夕に言われたルルは、湯呑の中のオレンジジュースをちびちびと舐めながら「拒否しますよ。ミナさん楽しそうですし、義母さまのペースも普通ですしね」と朗らかに返した。

 

「ふっ……まあいいだろう、夕。我々は酒精で酩酊せんのだからな」と廻は夕の肩を叩いて、立ち上がった。

 

「我々はもう行くぞ、ミナ。今日は仕込みが早い」

 

そうして荷物を手に取ると、道野枝兄妹は外へと出ていく。

 

「では行ってくる」「羽目を外すんじゃないぞ、馬鹿者」と残して。

 

「いってらっしゃーい」と機嫌よく見送ったミナは、茜へと振り向いた。

 

「どったのカーチャン」

 

「……わかってるとは思うけど、そろそろよ」

 

湯呑の中の透明な液体をズズと啜って母は言う。

 

「……義母さま。わかっておりますとも。いつ始まってもおかしくないと」

 

朝は固形物を食べない不死者が、主人の―――義姉の代わりにそう返した。

 

ミナもまた表情を正して、「ルルの言う通り、わかっちゃいるよ。カーチャン。

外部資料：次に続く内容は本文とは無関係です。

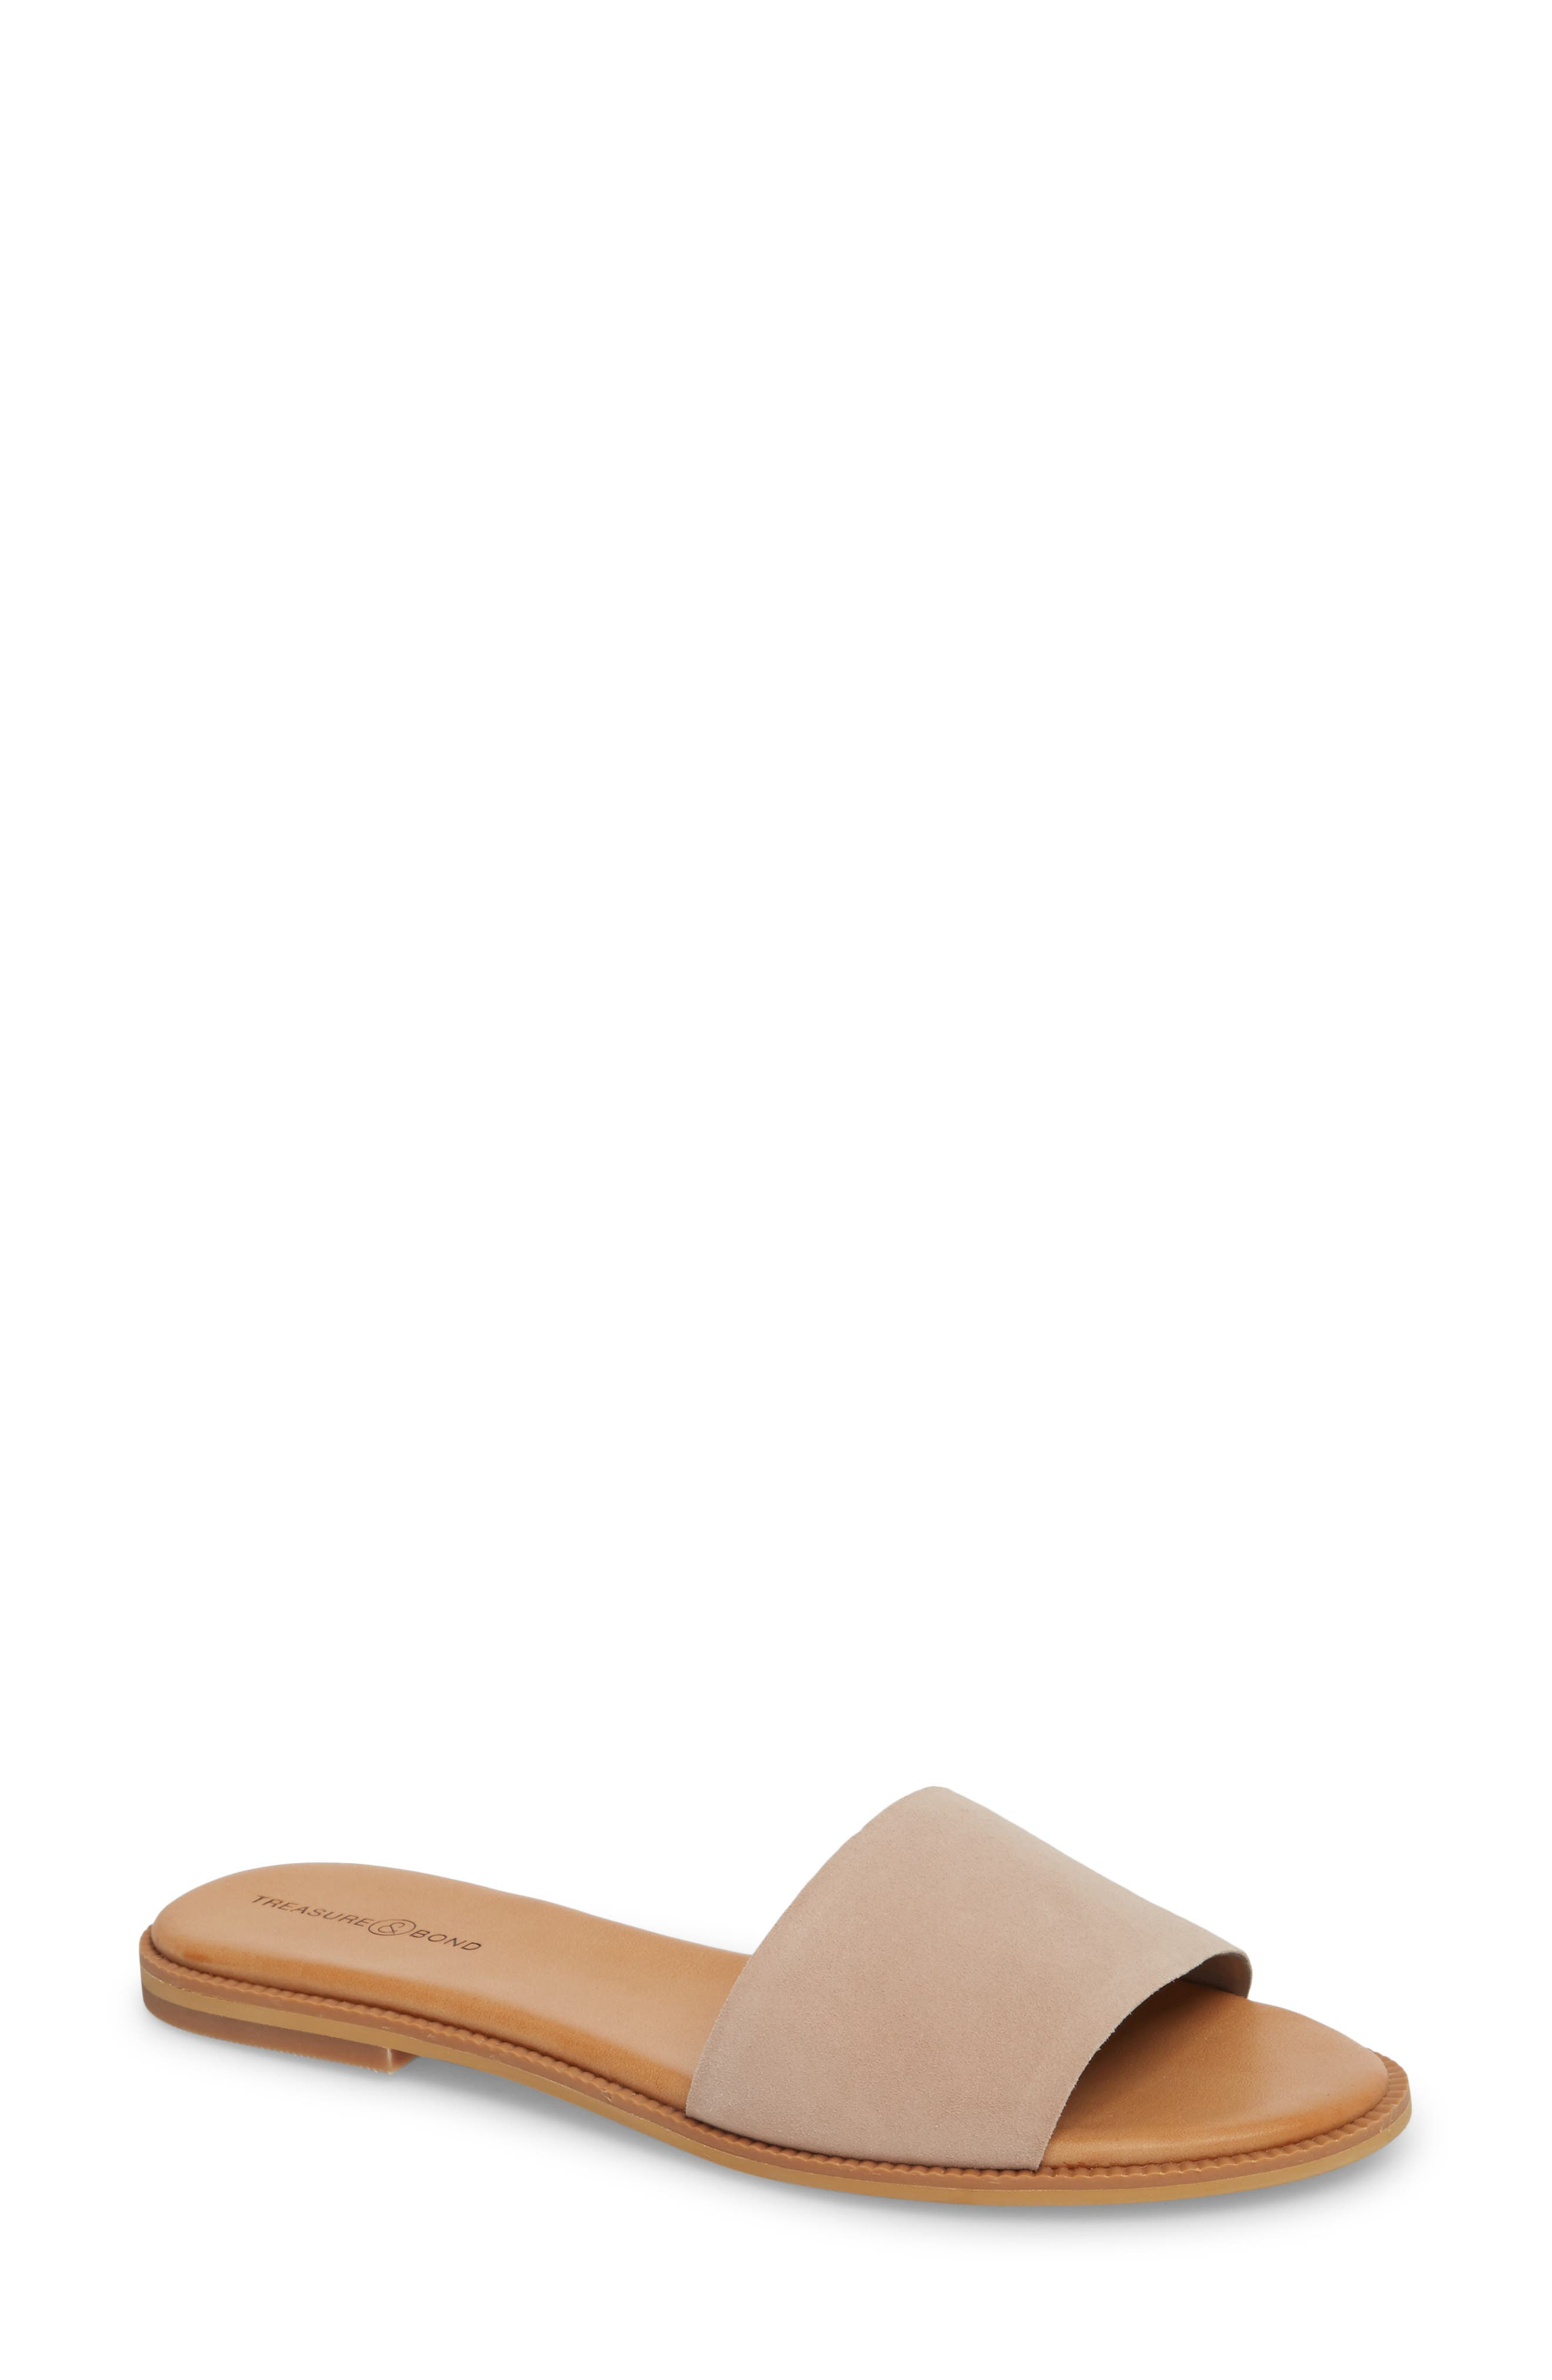 TREASURE & BOND, Mere Flat Slide Sandal, Main thumbnail 1, color, NEW BLUSH SUEDE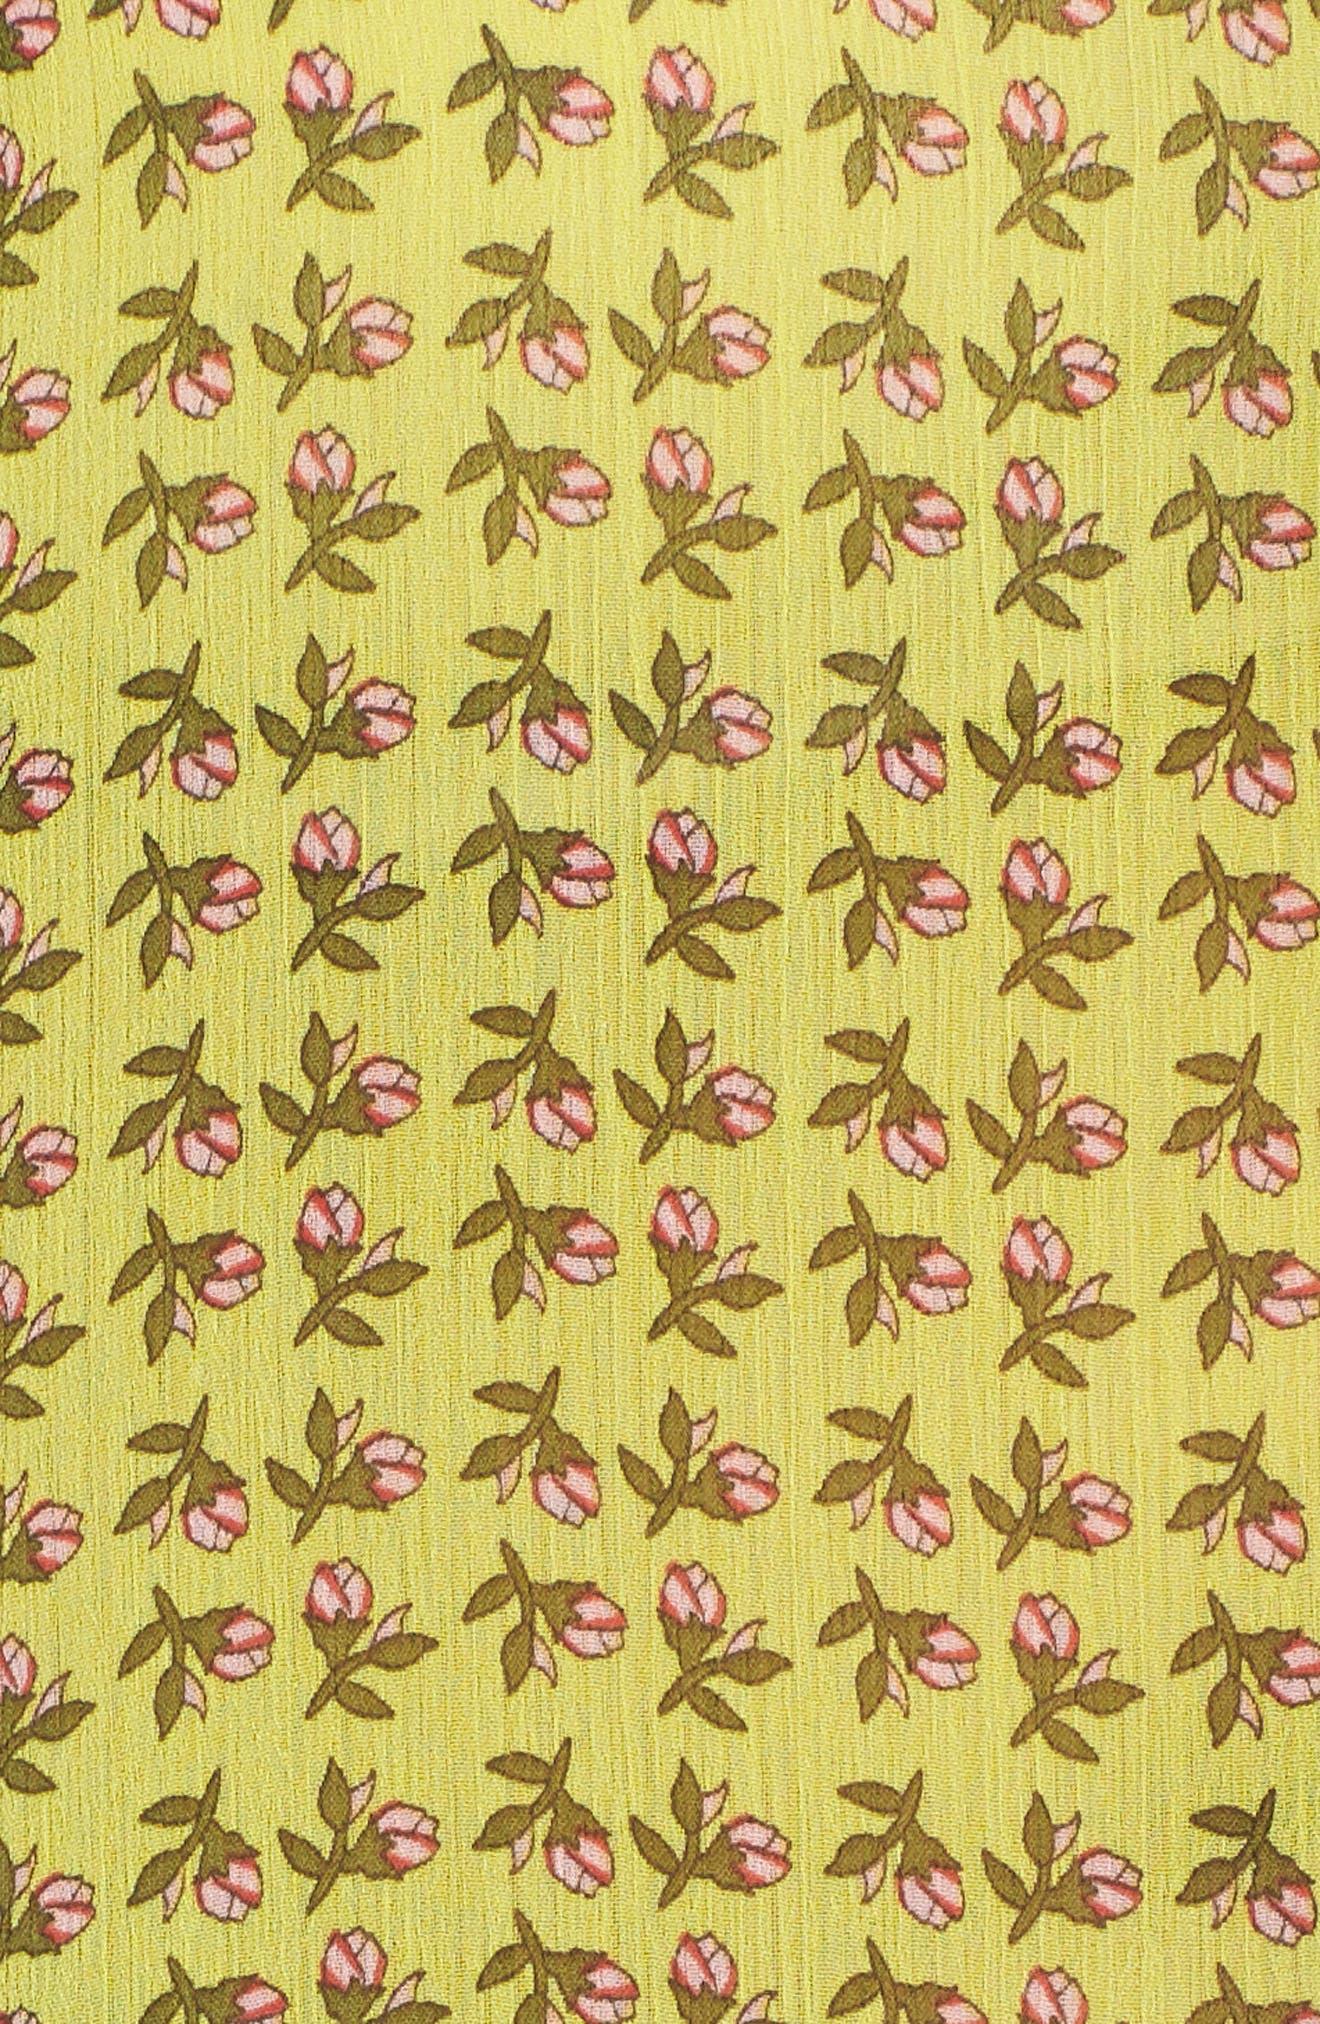 Jasmine Floral Roll Sleeve Top,                             Alternate thumbnail 6, color,                             702

改の会も、多分SMNも動き出すだろう。魔法少女はまだ説得できると思うけど」と言って、鰹の刺身ににんにくの醤油漬けを乗せてボリと屠る。

 

「わかっているなら、いいわ。あの信濃とかいうのは、いざという時の避難場所にするつもり、でいいわね?」

 

「うん。正直言えば、あれを切り札にしなきゃいけねえってのは業腹なんだけどな。そうするしかないべ」

 

こちらの世界で邪神がどれほどの力を振るえるのか。

 

改の会の戦力はどの程度のものなのか。

 

そして、SMNと話し合いなど本当に出来るのだろうか。

 

不安要素はいくつもあって、確証が持てることは少ない。

 

だからこそ―――今日は遊ぶつもりだった。

 

「ま、やるだけやってみるさ」

 

ミナは湯呑の中の液体を飲み干すと、そうして花のように微笑んだ。

 

その顔に、茜は何も言わなかった。

 

―――言うことは、出来なかった。